The Vermont Legislature is getting ready to kick off the 2021 session with almost all of the pomp and circumstance occurring remotely.

Even as late as Monday, some of the moving parts of the Wednesday opening of the 2021 session were still developing.

Once lawmakers are sworn in and settle into their jobs, the primary focus of this session is expected to be the state’s continued response to the coronavirus pandemic.

“We are trying to make it a normal first day of session, except that we are on Zoom,” said Democratic state Rep. Jill Krowinski, the presumptive incoming speaker of the House. “All of the same traditions will be happening.”

The House will be governing remotely for at least all of January and February, she said.

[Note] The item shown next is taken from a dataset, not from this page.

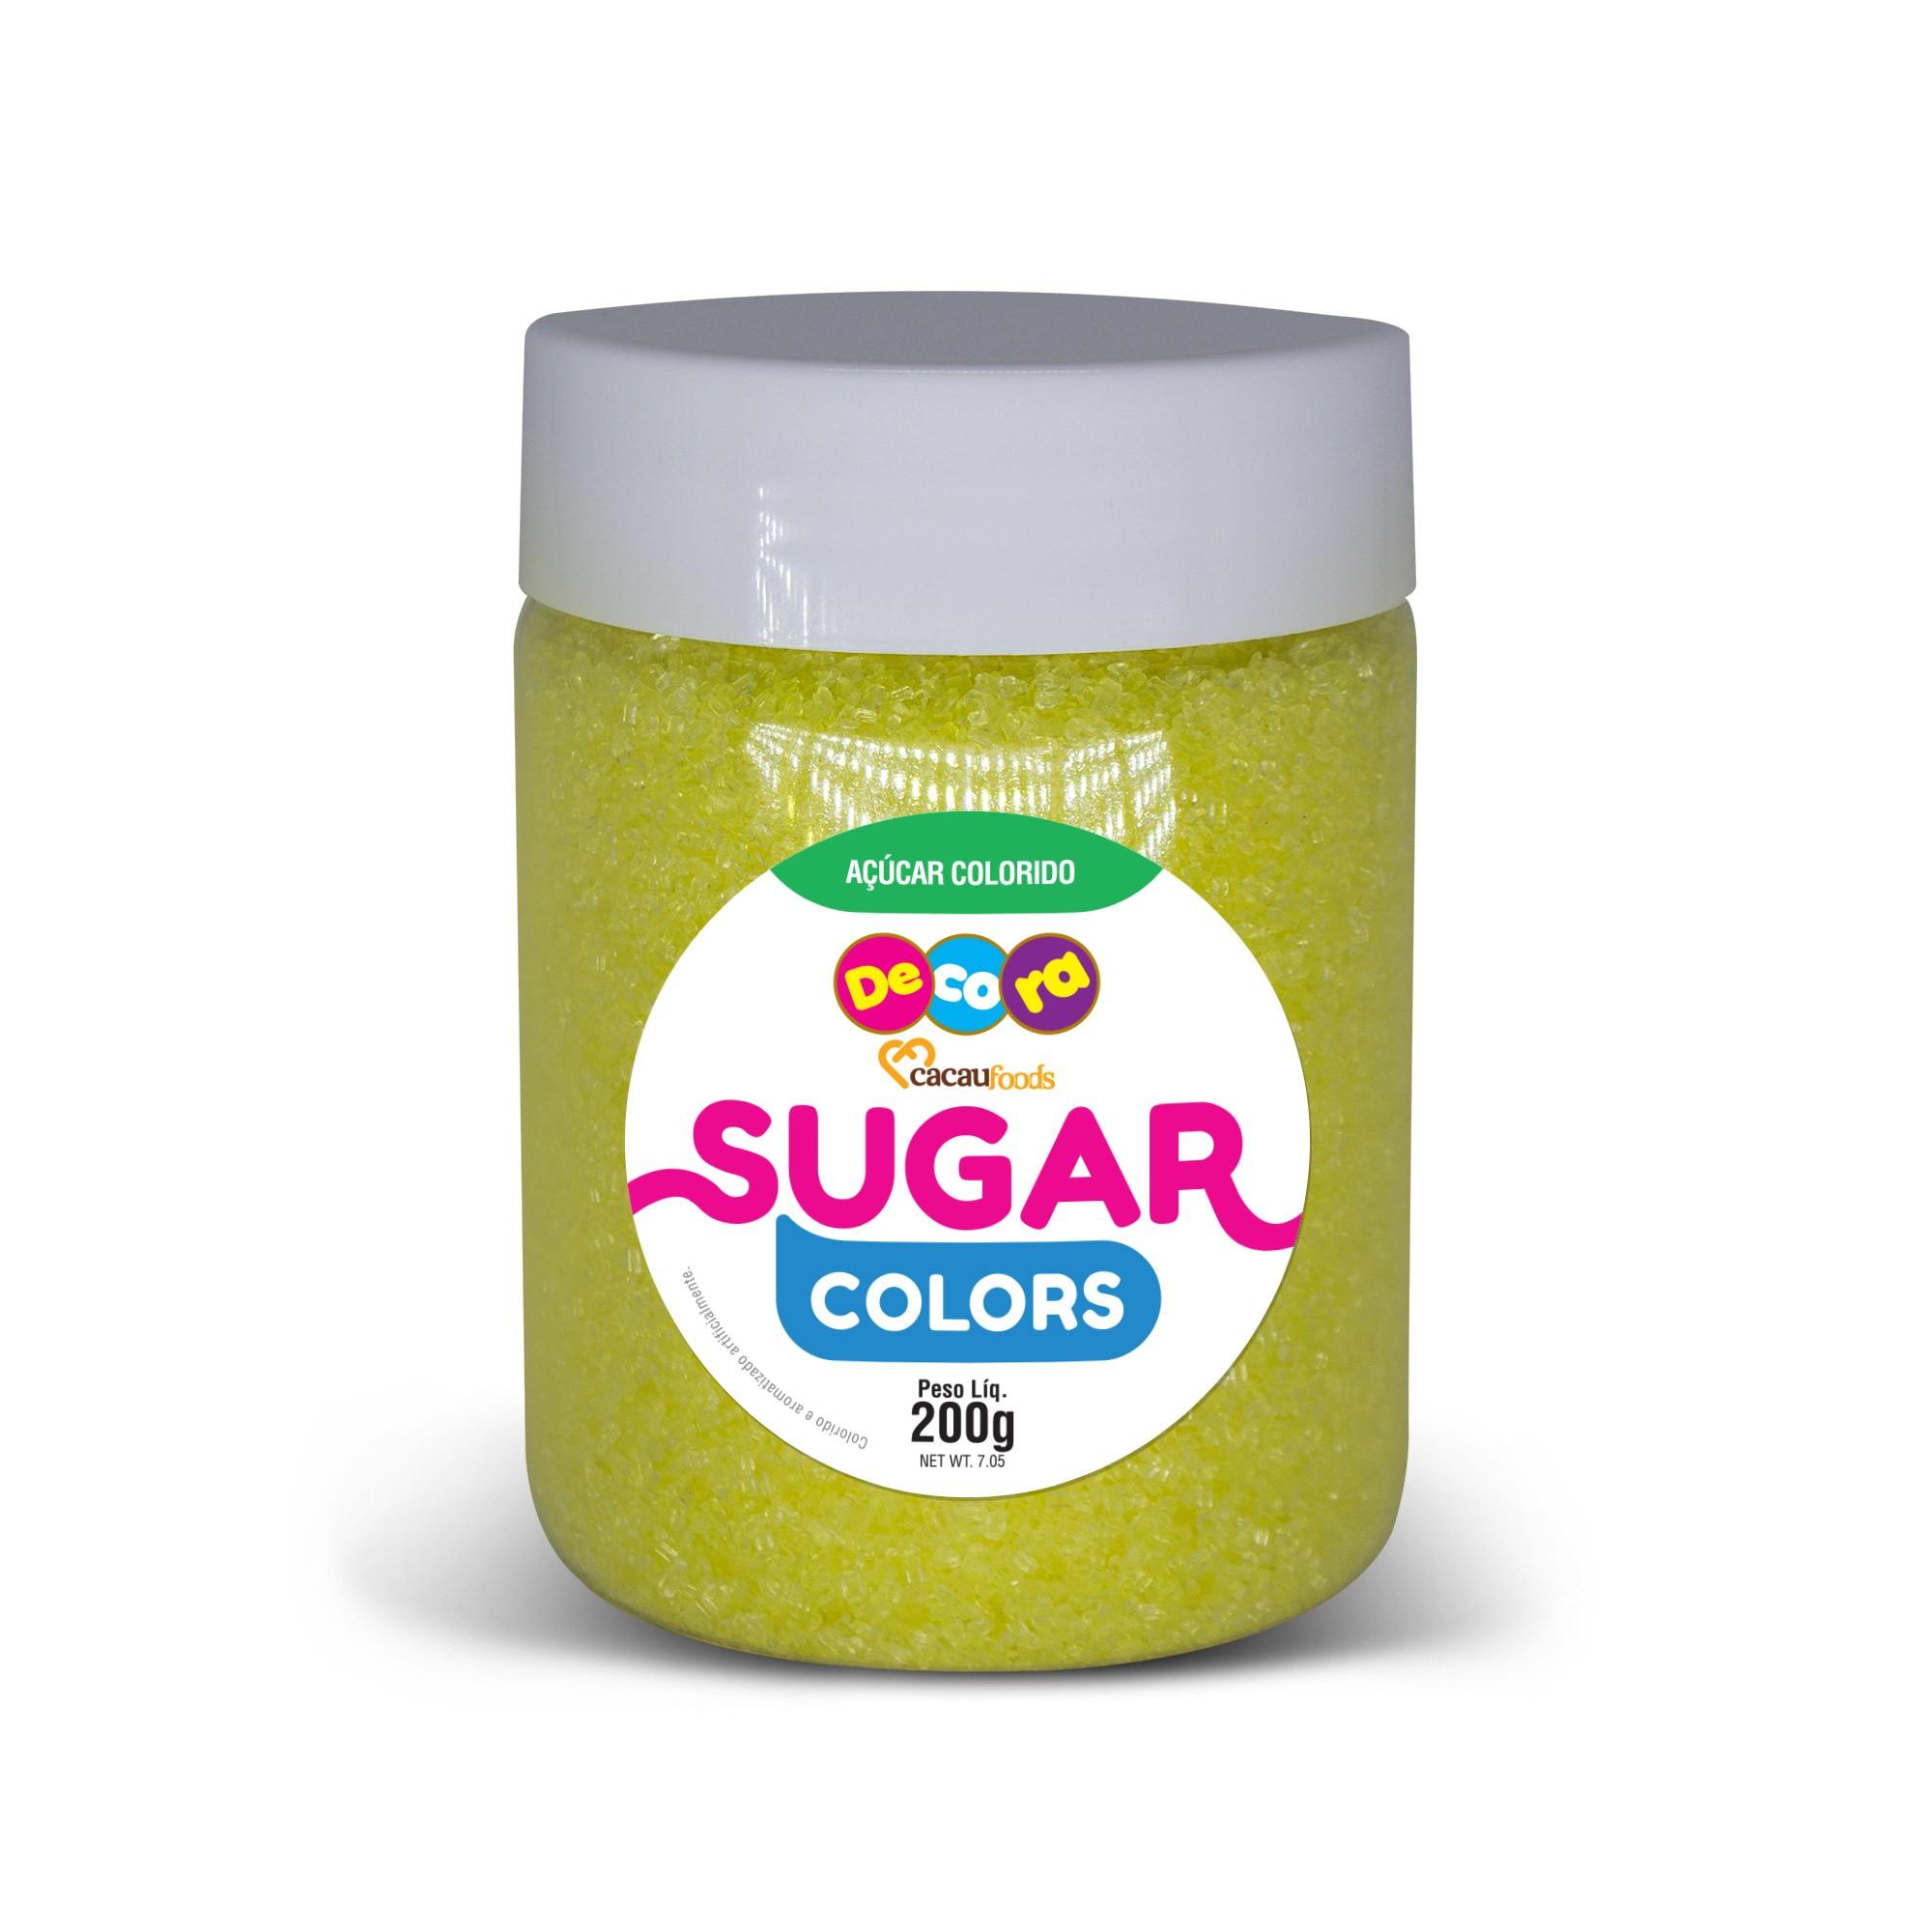 Açúcar Colorido Sugar Colors Amarelo 200g

The Senate will also be meeting remotely, but Lt. Gov.-elect Molly Gray will be sworn into office Thursday in the Senate chamber.

Gray said she would then preside over her first session from the podium in the Senate chamber while senators will be attending remotely.

Republican Gov. Phil Scott will be sworn in for his third term on Thursday and he is then scheduled to give his inaugural address.

Last week, Scott said he would lay out his priorities for the session during his inaugural address.

Krowinski is expected to be elected speaker on Wednesday.

Among some of the specific issues that will be addressed include ensuring everyone has access to broadband internet service. Broadband access is still a challenge for people in many parts of Vermont who are trying to work from home during the pandemic or whose children are trying to go to school from home.

Some families are struggling with affordable and accessible child care and some people are facing housing challenges.

State Sen. Randy Brock, a Republican who is the incoming minority leader in the 30-member body, said he sees broadband as a key issue for the 2021 legislature as well.

But he sees the most significant issue facing the lawmakers as uncertainty — about the course of the COVID-19 pandemic, about the financial challenge facing the state of Vermont and the state’s cities and towns, and about what assistance, if any, will be provided to the states by Congress.

The details are still being worked out about the $900 billion stimulus package passed by Congress late last month. It did not include money for direct help to state and local governments.

New Hampshire

In New Hampshire, the House will meet Wednesday in a parking lot to carry out its first session of 2021, an official in the House speaker’s office confirmed Monday — despite objections from Democrats raised last week.

The 400-member House will hold its Convening Day in Lot A of the University of New Hampshire campus in Durham, with the proceedings broadcast into members’ cars via a loudspeaker outside and an FM radio feed.

The 24-member state Senate will be meeting and voting remotely.

Last week, several Democratic lawmakers said that the car meeting plan would be a problem for people with disabilities. Three representatives released letters they had written to acting-House Speaker Sherman Packard requesting accommodations to allow them to participate remotely due to disabilities. Some said that sitting that long in cars would be painful; others said that they had been avoiding gatherings of lawmakers to avoid COVID-19.

But on Monday, the speaker’s office repeated its position that without a change in the chamber’s rules to allow convening remotely, the meetings must go ahead in person.

“Without a rule change the New Hampshire House cannot meet remotely, either wholly or in part,” House Chief of Staff Aaron Goulette said in a statement. “Because of this, an accommodation for members to vote remotely on January 6th is unfortunately not possible.”

Instead, Goulette, added, “We are working to identify reasonable onsite accommodation needs with members.”

The Legislature’s director of the General Court Administrative Office, who oversees the compliance of the Legislature with the Americans with Disabilities Act, is working with members individually to find arrangements, Goulette said.